Disruption of functional connectivity among subcortical arousal system and cortical networks in temporal lobe epilepsy

  • Rong Li
  • Chongyu Hu
  • Liangcheng Wang
  • Ding Liu
  • Dingyang Liu
  • Wei Liao
  • Bo Xiao
  • Huafu Chen
  • Li Feng


Growing evidence has demonstrated widespread brain network alterations in temporal lobe epilepsy (TLE). However, the relatively accurate portrait of the subcortical-cortical relationship for impaired consciousness in TLE remains unclear. We proposed that consciousness-impairing seizures may invade subcortical arousal system and corresponding cortical regions, resulting in functional abnormalities and information flow disturbances between subcortical and cortical networks. We performed resting-state fMRI in 26 patients with TLE and 30 matched healthy controls. All included patients were diagnosed with impaired awareness during focal temporal lobe seizures. Functional connectivity density was adopted to determine whether local or distant network alterations occurred in TLE, and Granger causality analysis (GCA) was utilized to assess the direction and magnitude of causal influence among these altered brain networks further. Patients showed increased local functional connectivity in several arousal structures, such as the midbrain, thalamus, and cortical regions including bilateral prefrontal cortex (PFC), left superior temporal pole, left posterior insula, and cerebellum (P < 0.05, FDR corrected). GCA analysis revealed that the casual effects among these regions in patients were significantly sparser than those in controls (P < 0.05, uncorrected), including decreased excitatory and inhibitory effects among the midbrain, thalamus and PFC, and decreased inhibitory effect from the cerebellum to PFC. These findings suggested that consciousness-impairing seizures in TLE are associated with functional alterations and disruption of information process between the subcortical arousal system and cortical network. Understanding the functional networks and innervation pathway involved in TLE can provide insights into the mechanism underlying seizure-related loss of consciousness.

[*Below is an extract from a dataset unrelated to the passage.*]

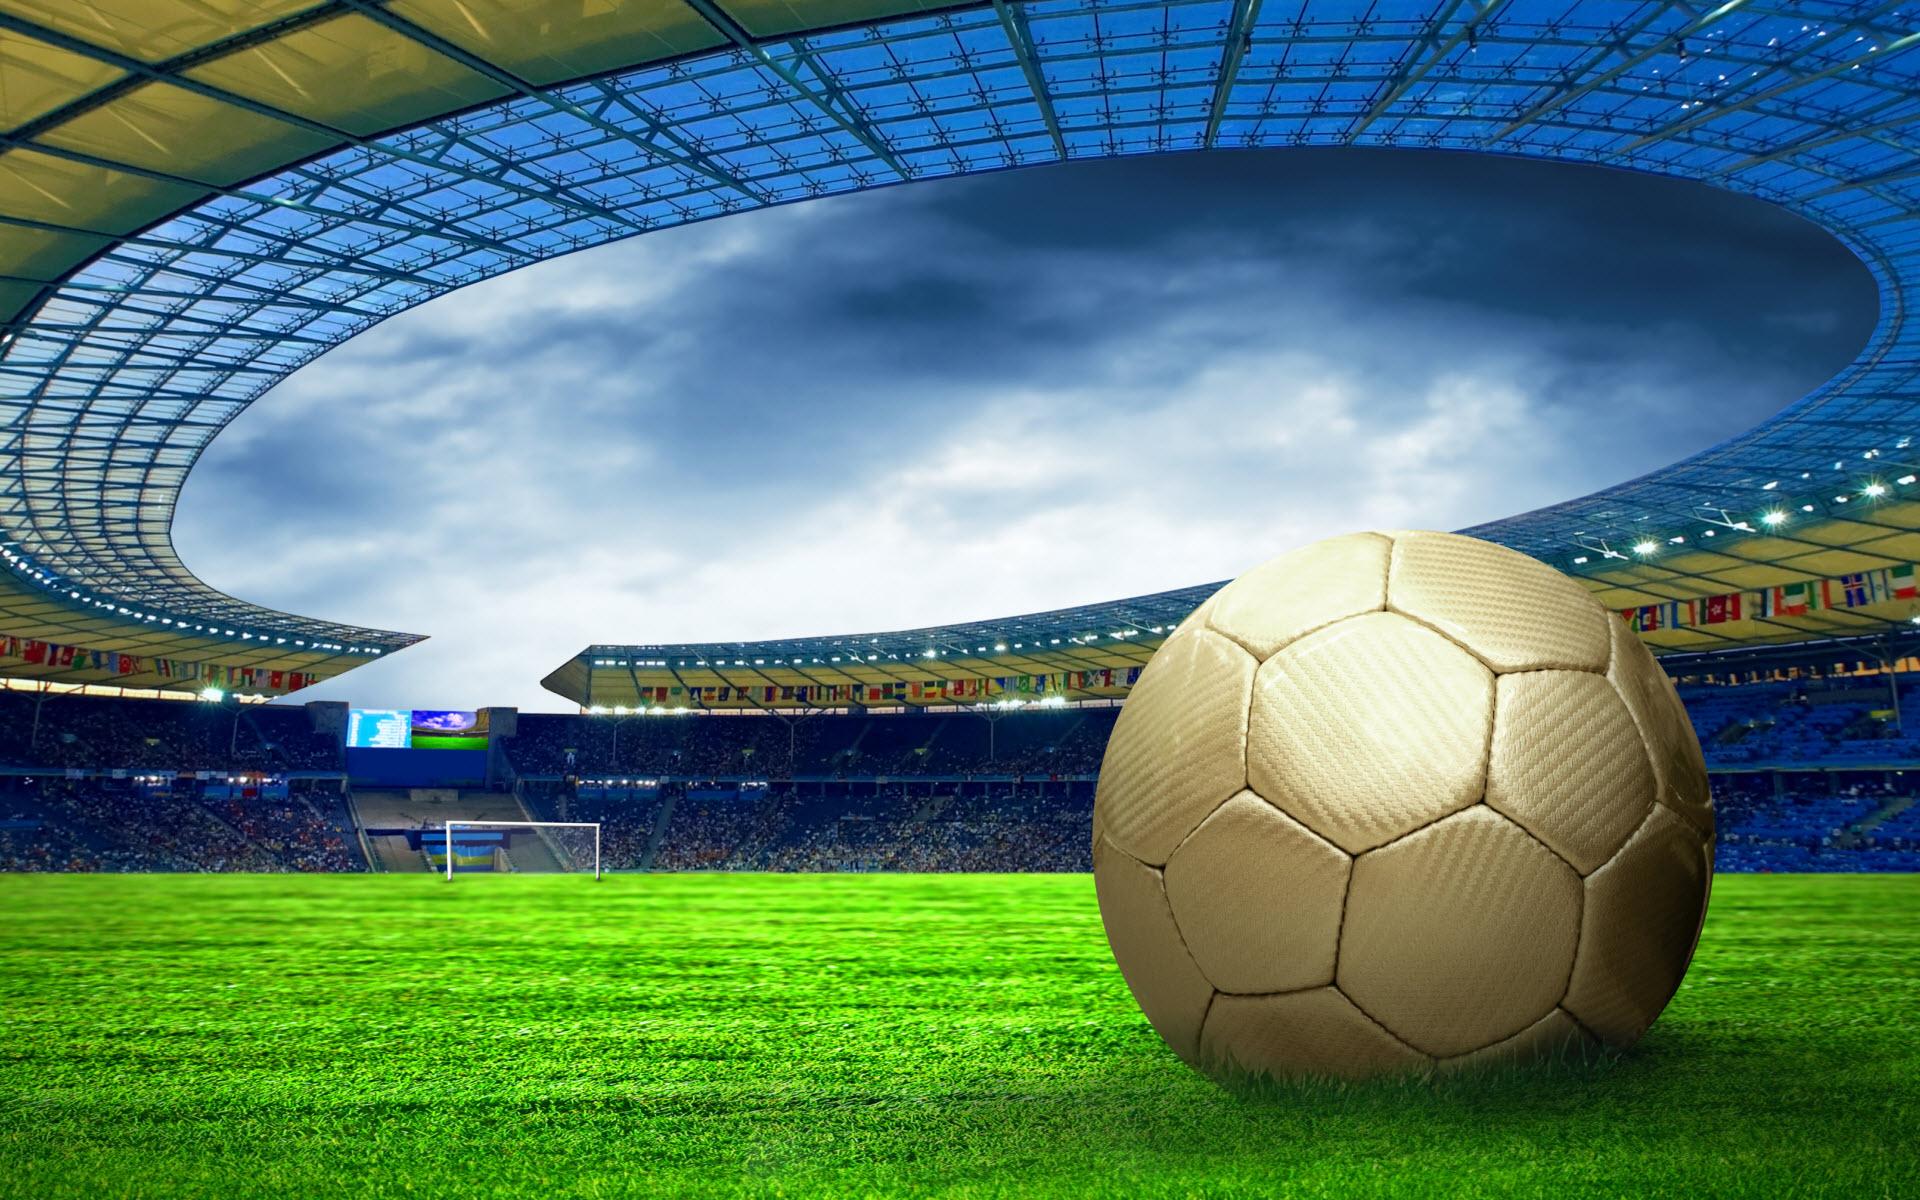 Hd Football Screensavers 19201200 122847 HD Wallpaper Res 1920x1200

Consciousness Functional connectivity Granger causality analysis Subcortical arousal system Midbrain 



We would like to express our gratitude to the patients and volunteers for participating in this study. This work was supported by the National Natural Science Foundation of China (81771407, 61533006, and 81471653).

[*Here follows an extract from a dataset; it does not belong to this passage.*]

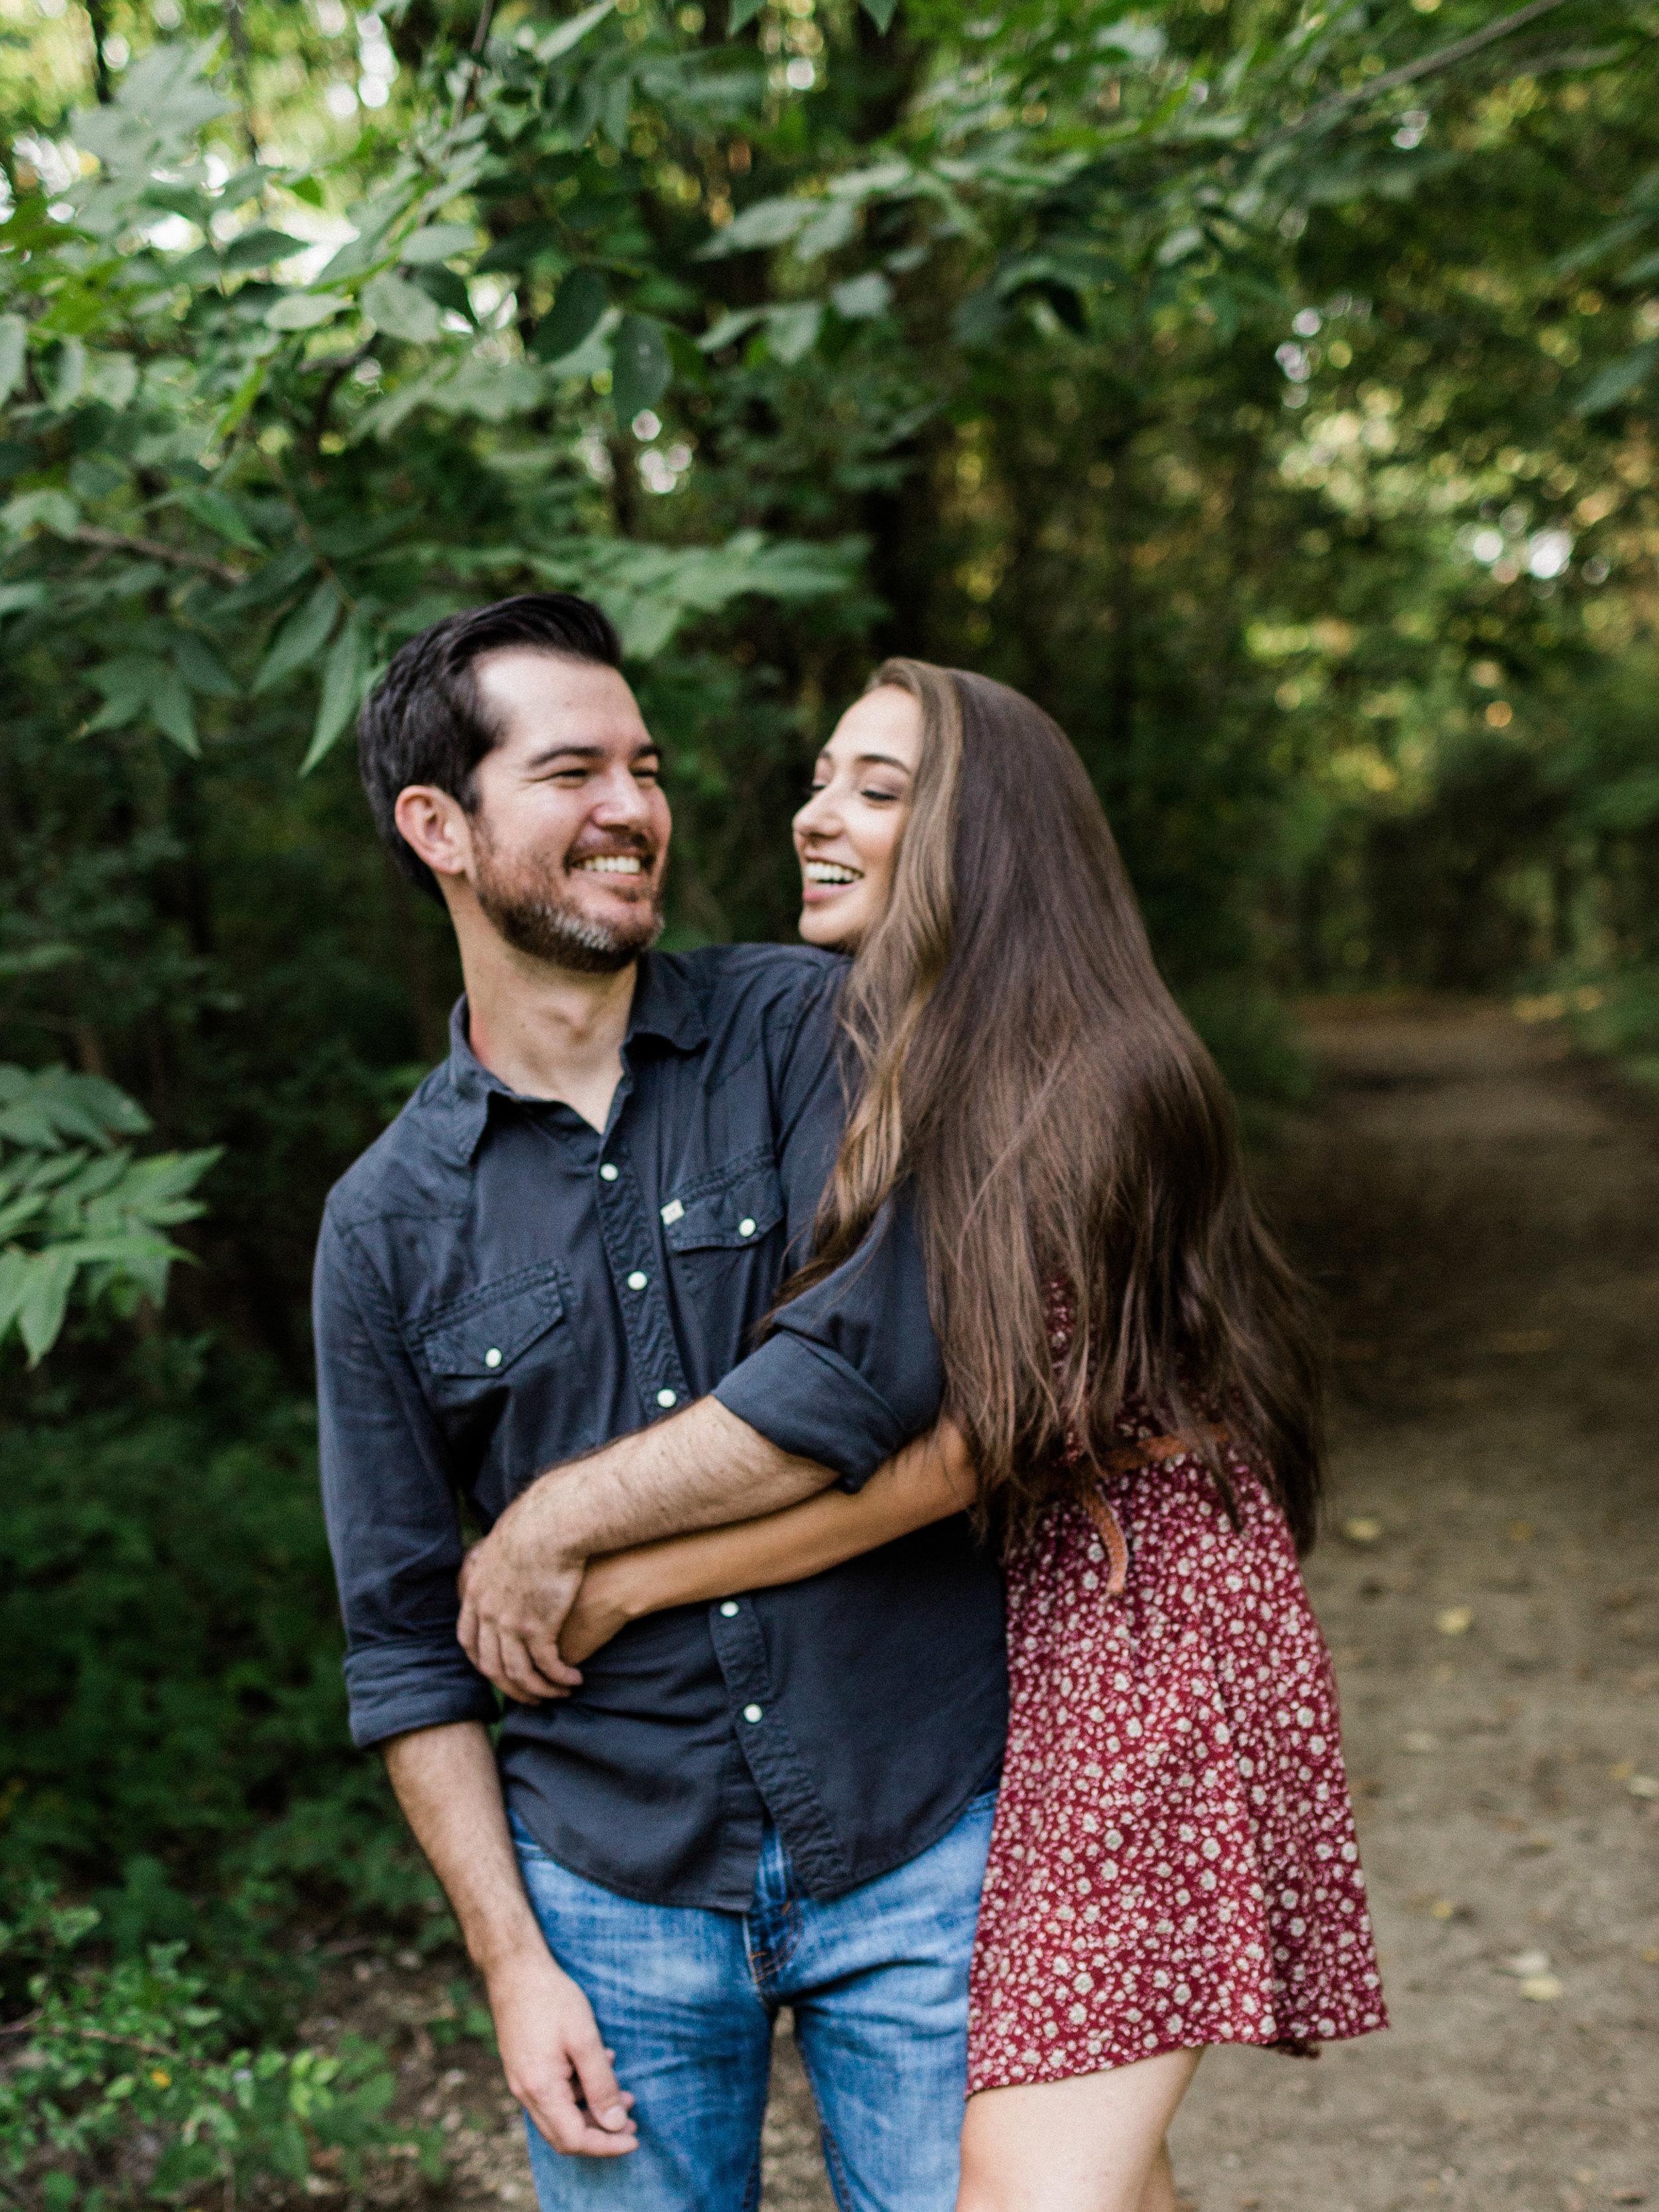 Plano, Texas Engagement Photos

Compliance with ethical standards

Conflict of interest

Rong Li, Chongyu Hu, Liangcheng Wang, Ding Liu, Dingyang Liu, Wei Liao, Bo Xiao, Huafu Chen and Li Feng declare that they have no conflict of interest.

Informed consent

All procedures followed were in accordance with the ethnical standards of the responsible committee on human experimentation (institutional and national) and with the Helsinksi Declaration of 1975, and the applicable revisions at the time of the investigation. Informed consent was obtained from all patients for being included in the study.

Supplementary material

11682_2018_14_MOESM1_ESM.docx (1.2 mb)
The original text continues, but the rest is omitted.